Sautter reviewed the briefing materials and said that they were vaguer than the 60 lawsuits filed by Trump’s lawyers after the 2020 election that led to every suit except one on a procedural matter being rejected by state and federal courts.

“This is all reminiscent of the kinds of cases that were filed by Trump and his allies following the 2020 election, only these seem to be worse,” he said. “They’re more amateurish. At least, with Trump, you had lawyers in those cases, who knew how to frame the cause of action [when filing a suit]. You’re not going to get anywhere by just going in pro se and representing yourself and throwing out a bunch of allegations that will be dismissed pretty quickly.”

Sautter also said suing in multiple counties to find a sympathetic judge was naïve.

“These people are not going to outsmart the system, which seems to be what they are trying to do,” he said.

The Newest Allegations

The first allegation is one that Trump Republicans raised before Election Day in a few red-run counties. A handful of activists had urged county supervisors to replace state-approved vote-counting computers with a hand count – which none of the counties had done recently. The activists claim the federal accreditation of the testing labs that approved technology used in Arizona had expired.

“If the Lab was not accredited, the voting machines were not certified,” the minutes said. “And if the voting machines were not certified, the vote count (canvass) cannot be certified… and the election cannot be certified.”

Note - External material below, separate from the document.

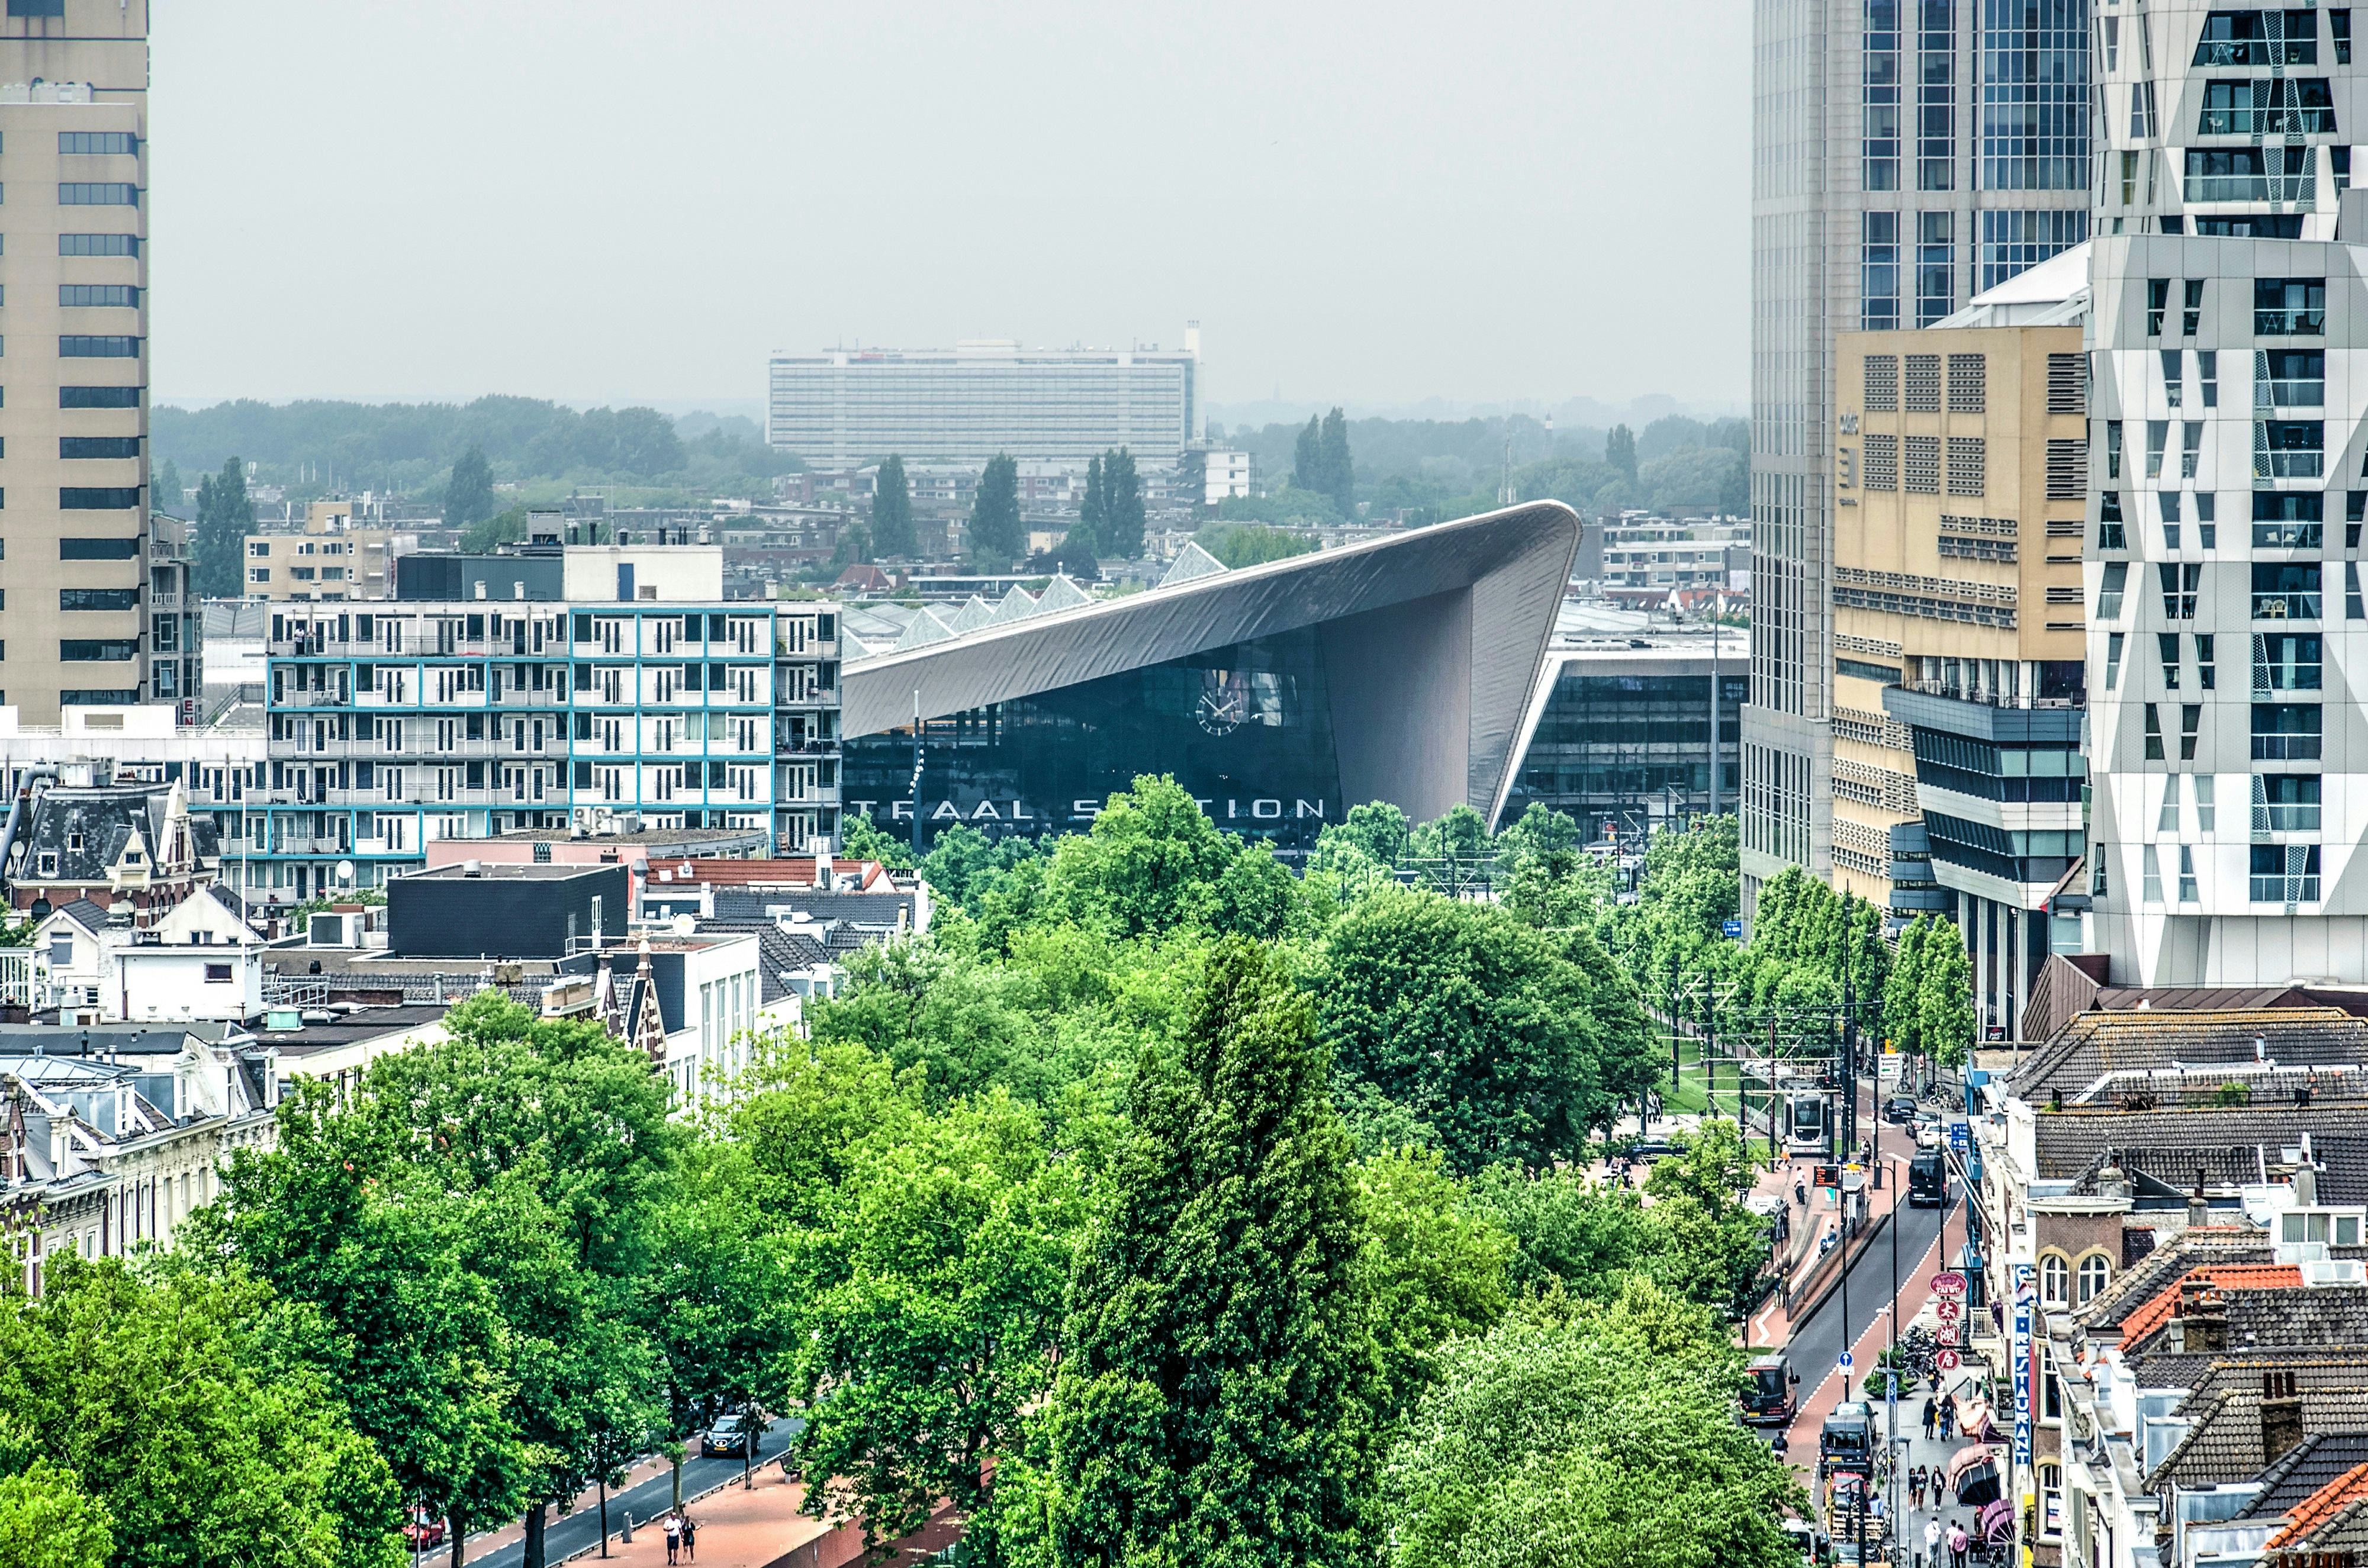 Rotterdam Centraal door Team CS. Beeld Shutterstock

The next allegation – “failure of audit without remedy” – concerned Cochise County, which still wants to do a hand count. The county’s attorney “refused to represent them – a dereliction of duty,” the minutes said, referring to a county attorney who said that state law clearly barred a county-run hand count.

The next allegation – “disenfranchisement” – claimed that voters in Maricopa County whose ballots were rejected by scanners were blocked from voting.

“If you are in Arizona, and you are one of the many who was turned away at the polls, or you had your ballot rejected, or later learned your vote was not counted – then sign and notarize a statement saying you were disenfranchised,” the minutes said. “Email your signed affidavit to CountMyVote@azgop.org.”

Another document that listed 22 “Grounds for Election Complaints—Maricopa & Other Counties” was even vaguer. It cited the above claims, and then issues such as “Lack of county department transparency,” “registration problems,” “no day of election records,” and more long-standing complaints from Trump Republicans.

“People came to voting centers to specifically be able to have their vote counted the day of elections were thereby unable to have their vote counted the day of the election, and potentially compromised their voter intent,” it said, reviving Trump’s contention that only votes cast on Election Day should count.

Among the “resources” to be viewed by possible plaintiffs were videos from Rumble, a pro-Trump media platform, “If Arizona Gets Stolen, Here’s How to Fight It,” a YouTube interview with 2020 election conspiracy theorist Cleta Mitchell, a segment from InfoWars, the website run by Alex Jones, who recently lost a major suit for attacking the parents of school children killed in the Newtown, Connecticut mass shooting.

“We seek bold trusted patriots who have had enough of stolen elections,” said a document seeking plaintiffs in 15 Arizona counties. “We’re working together to redress our claims at the courts and pray some judges hear our cases.”